▶ ASSIGNMENT:
With both ends included, repeat exactly the lines of the entries below from the one containing "illustration of skin" down to the one containing "Fondode Pantalla Resident", and no others.

▶ RECORDS TO USE:
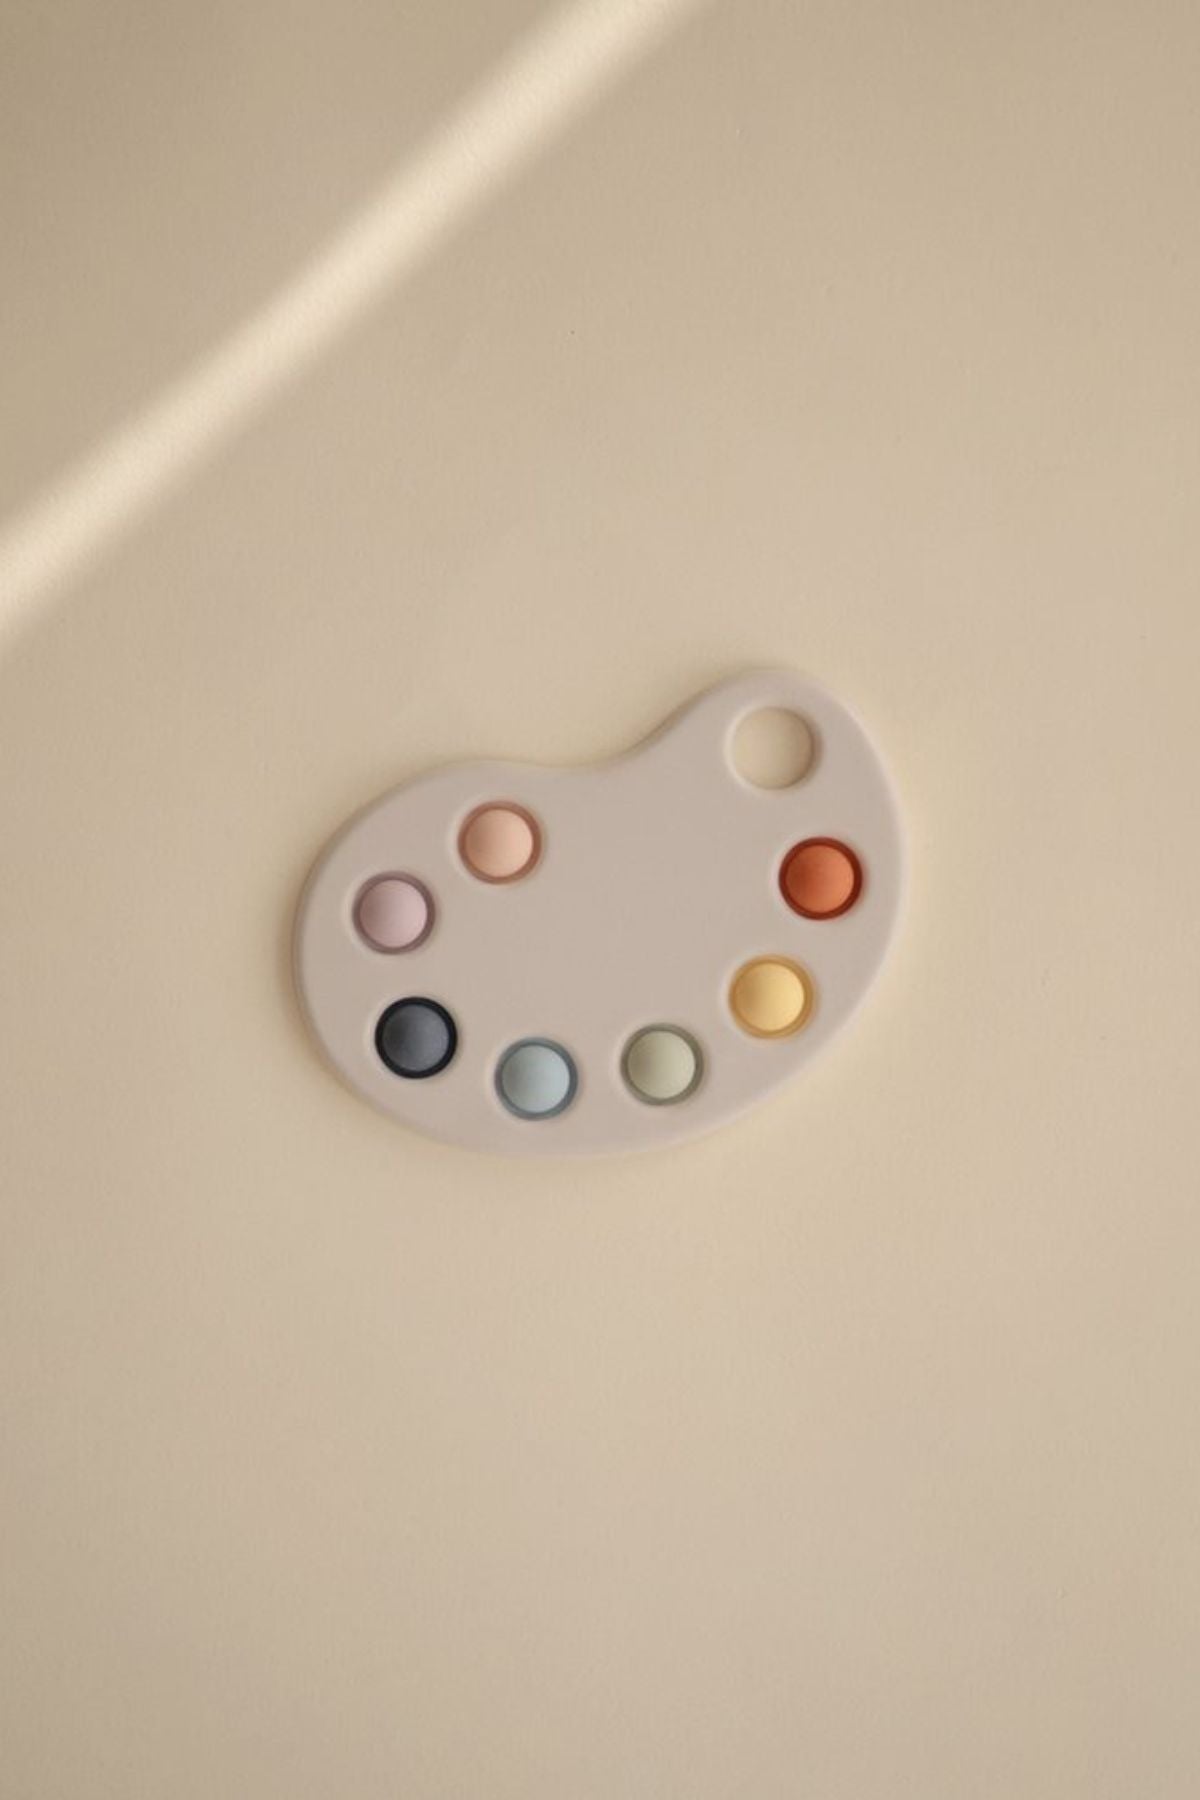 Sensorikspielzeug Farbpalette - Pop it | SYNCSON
* * *
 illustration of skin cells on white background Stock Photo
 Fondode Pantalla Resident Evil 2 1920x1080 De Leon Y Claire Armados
--
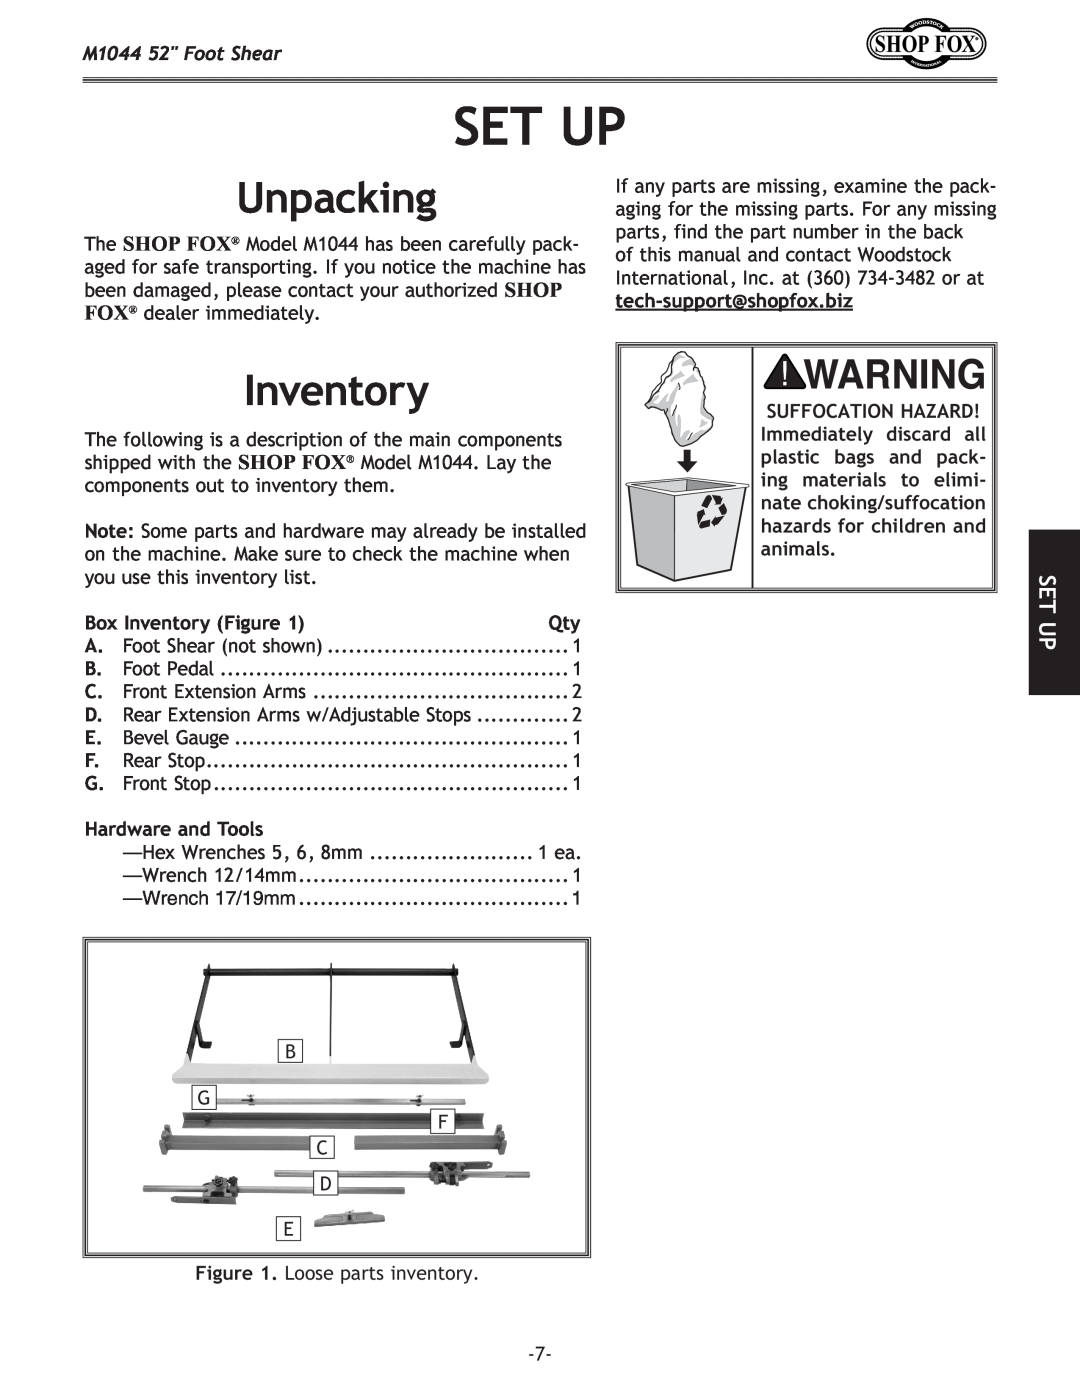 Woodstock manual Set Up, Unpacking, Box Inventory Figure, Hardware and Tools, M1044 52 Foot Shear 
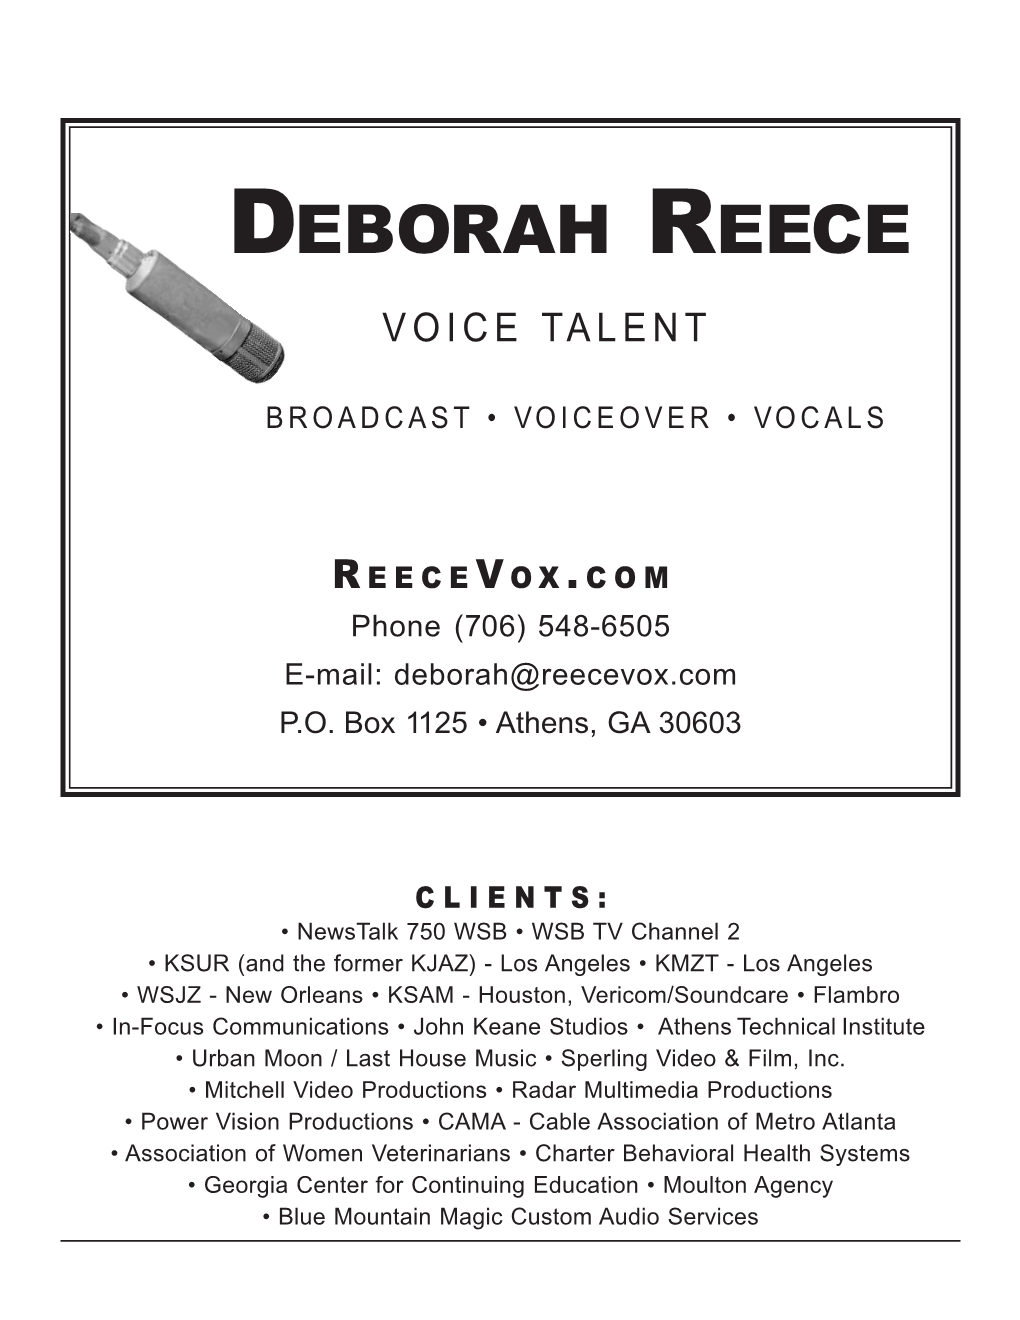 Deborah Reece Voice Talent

▶ TASK RESPONSE:
 illustration of skin cells on white background Stock Photo
 Fondode Pantalla Resident Evil 2 1920x1080 De Leon Y Claire Armados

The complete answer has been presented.